Appeal from an order of the Supreme Court (McGrath, J.), entered April 28, 2011 in Rensselaer County, which, among other things, partially denied a motion by defendant Charlew Construction Company, Inc. for summary judgment dismissing the complaint against it.

In September 2006, plaintiff Mark Harrington (hereinafter Harrington) was an employee of third-party defendant M & A Construction,1 a framing contractor hired by defendant Charlew Construction Company, Inc. to work on a residential housing development in the City of Troy, Rensselaer County.2 On the day in question, Harrington was using a Hitachi pneumatic framing gun loaded with 23/838-inch nails to attach sheathing to the exterior walls of one of the residences. Proper operation of the framing gun entailed a two-step process: first placing the nose of the gun against the work surface and then depressing the trigger mechanism. Although there is some dispute as to the precise manner in which the accident occurred,3 the end result was that Harrington discharged a nail into his right leg just above his kneecap.

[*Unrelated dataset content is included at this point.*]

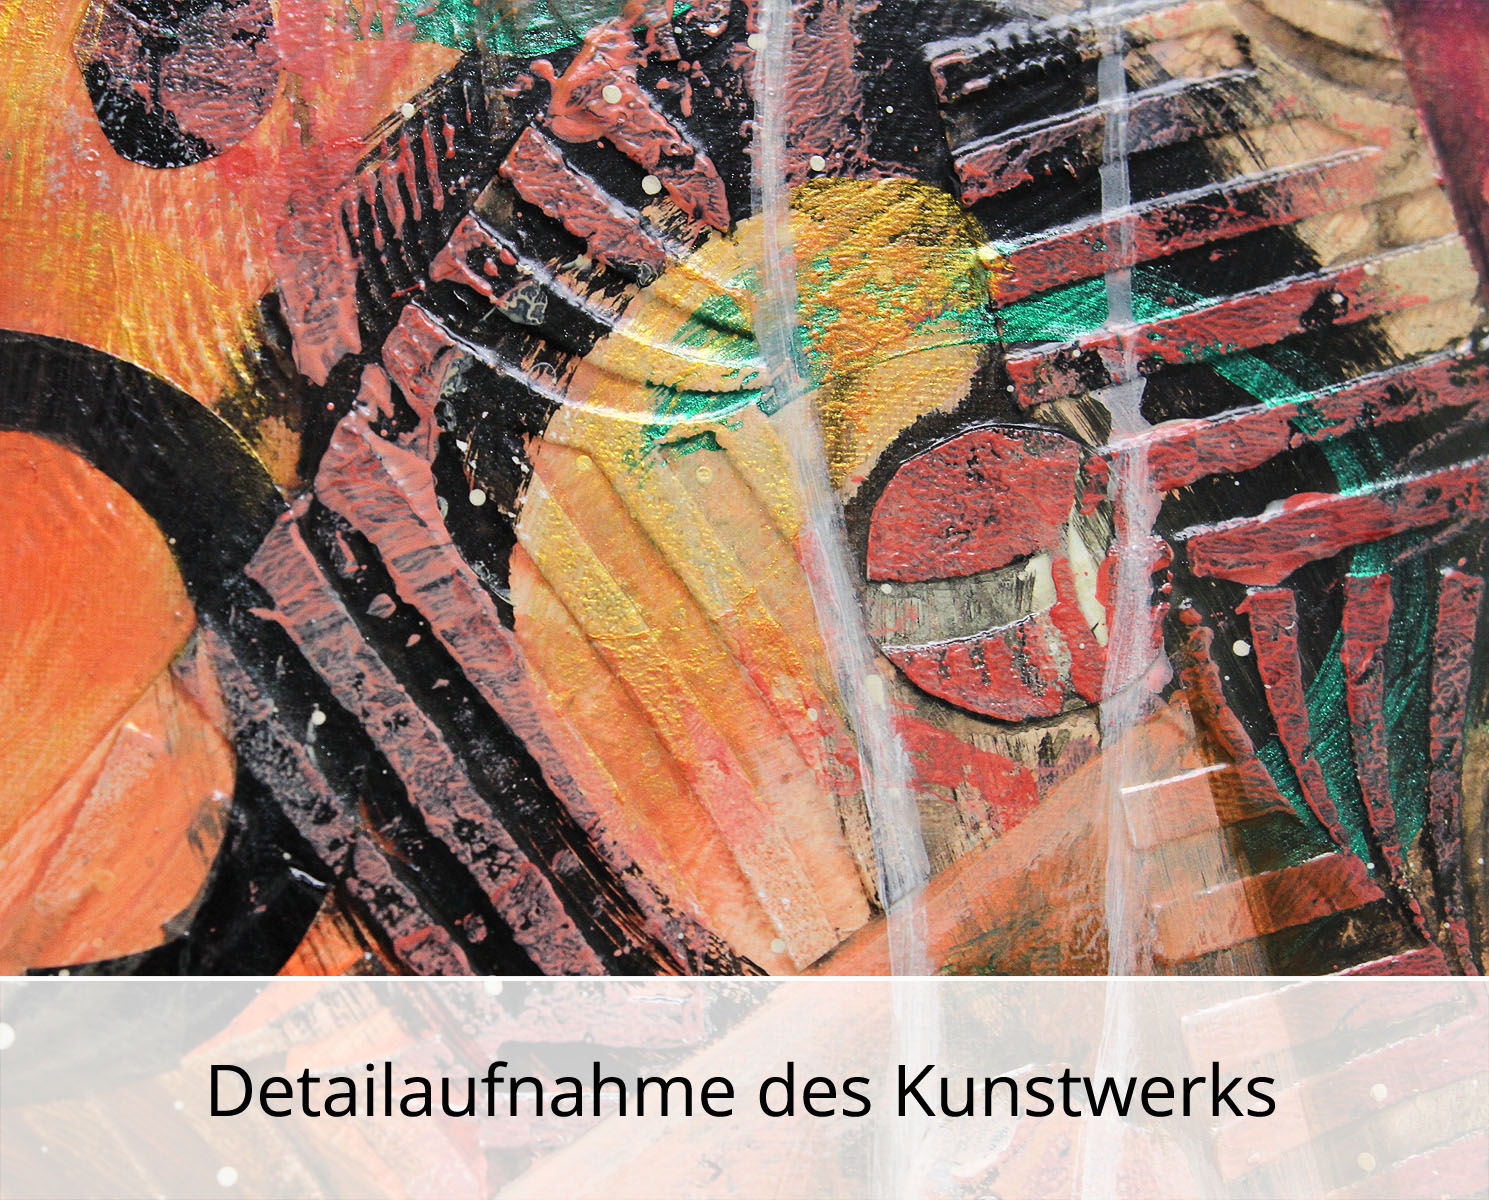 Abstrakte Malerei von Ewa Martens: "Alles wovon wir träumen", Original/Unikat

Harrington and his spouse, derivatively, thereafter commenced this action against, among others, Charlew alleging violations of Labor Law §§ 200, 240(1) and § 241(6) and common-law negligence. Charlew, in turn, commenced a third-party action for contribution and/or indemnification against M & A and its owners. Following joinder of issue and discovery, Charlew moved for summary judgment dismissing plaintiffs' complaint and summary judgment on its contribution/indemnification claims. Supreme Court granted Charlew's motion to the extent that it dismissed plaintiffs' Labor Law § 241(6) claim, denied the motion as to plaintiffs' Labor Law § 200 and common-law negligence claims and deemed the request for summary judgment as to the contribution and/or indemnification claims to be premature. This appeal by Charlew ensued.4

We affirm. The record as a whole—including Harrington's examination before trial testimony—indeed establishes that Charlew did not supervise Harrington (or any of M & A's employees) or otherwise direct and control the means and methods of the framing work. Contrary to Charlew's assertion, however, such proof is not dispositive of the underlying motion because this is not a “means and methods” case; rather, this is a “hazardous condition” case (see Mott v. Tromel Constr. Corp., 79 AD3d 829, 830 [2010] ).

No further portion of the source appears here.